10104 Trace File Snippet
Finally, a sample extract from the 10104 hash join trace file showing that spilling to disk takes place
before the PROBE_2 phase begins:
.
.
.
kxhfWrite: hash-join is spilling to disk
kxhfWrite: Writing dba=130176 slot=56 part=8
kxhfIsDone: waiting slot=56 lbs=000000001CCB7308
kxhfWrite: Writing dba=129920 slot=57 part=8
kxhfIsDone: waiting slot=57 lbs=000000001CCB7308
.
.
.
kxhfIsDone: waiting slot=61 lbs=000000001CD37308
kxhfWrite: Writing dba=118528 slot=62 part=8
*** 2012-11-15 18:27:12.706
qerhjFetch: max probe row length (mpl=0)
kxhfSetPhase: phase=PROBE_2
qerhjFetch: PQ Partition rows:500826 clusters:56 in-memory slots 9
kxhfIsDone: waiting slot=62 lbs=000000001CD37308
kxhfWrite: Writing dba=118272 slot=63 part=8
kxhfWrite: Writing dba=118144 slot=64 part=8
kxhfRead(): Reading dba=130432 into slot=62
kxhfIsDone: waiting slot=62 lbs=000000001CD37308
kxhfIsDone: waiting slot=63 lbs=000000001CD37308
kxhfRead(): Reading dba=130304 into slot=63
.
.
.
Footnote
The tests were performed on recent (11.2) releases as well as 10.2.0.3 which is one of the versions Jonathan used for testing in his original post.

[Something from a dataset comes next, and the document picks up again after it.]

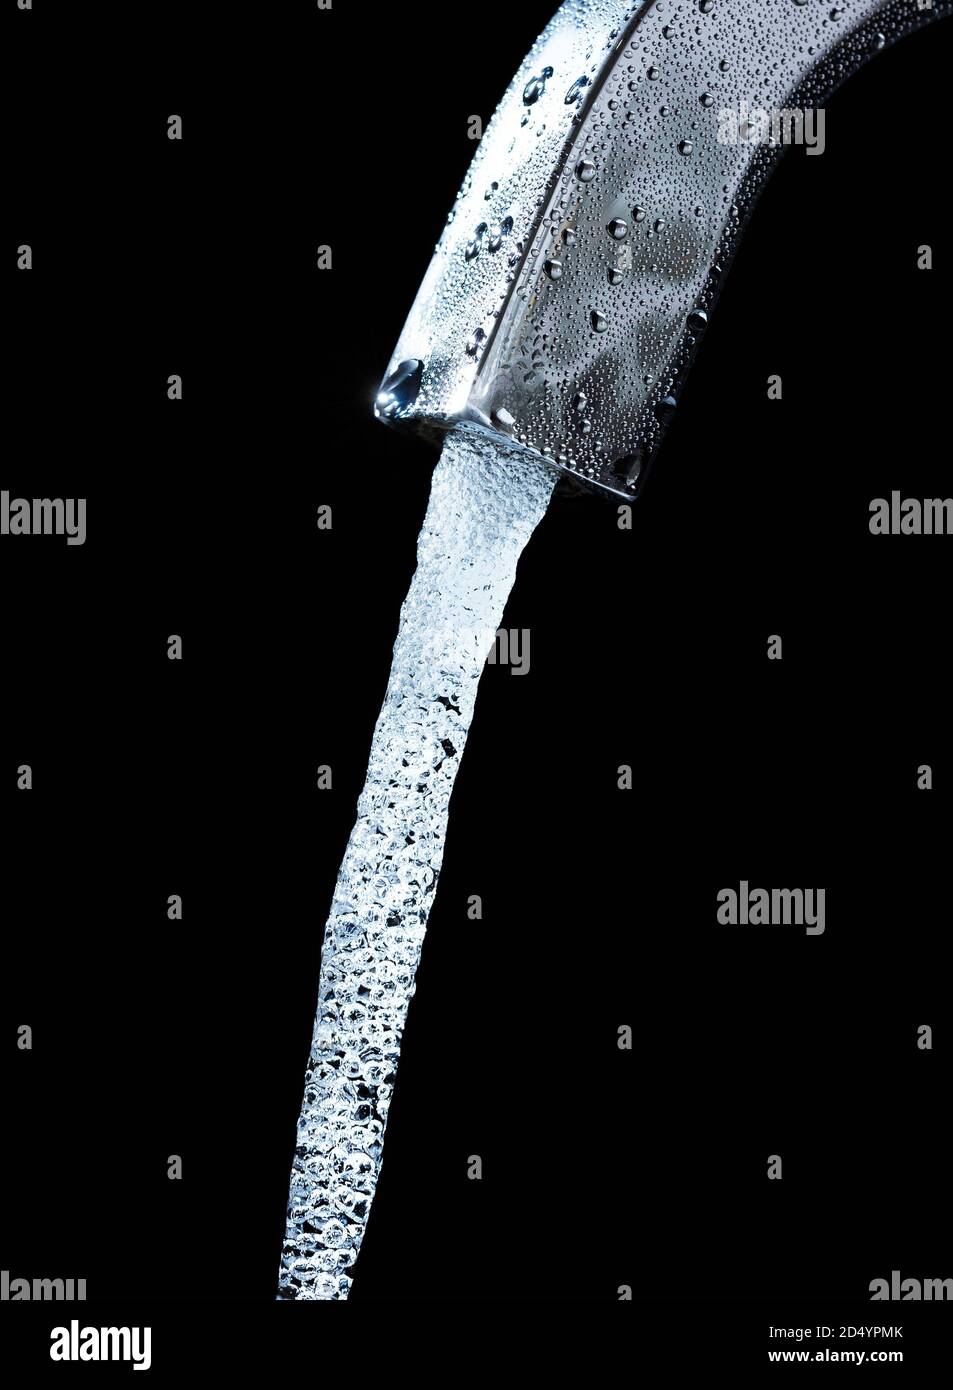 Clean, cold water pours from a misted tap, against a black background. Stock Photo

All versions tested showed the
same behaviour, so it doesn't look like the buffering of the second row source is a change that got introduced in recent releases.
Furthermore please note that my
OTN mini series on Parallel Execution that I wrote already a couple of months ago but was only published recently doesn't include this knowledge here and therefore explains the BUFFERED operation and the reasons for the blocking operations partially incorrectly.
Summary
The test case results show that the HASH JOIN BUFFERED operation seems to buffer the second row source. In principle it operates like a BUFFER SORT operation on the second row source but takes advantage of the fact that it only needs to buffer data that matches data in the first row source.
The limitation why the artificial blocking operations are introduced seems to revolve around the fact that at most a single PX SEND operation can be active concurrently.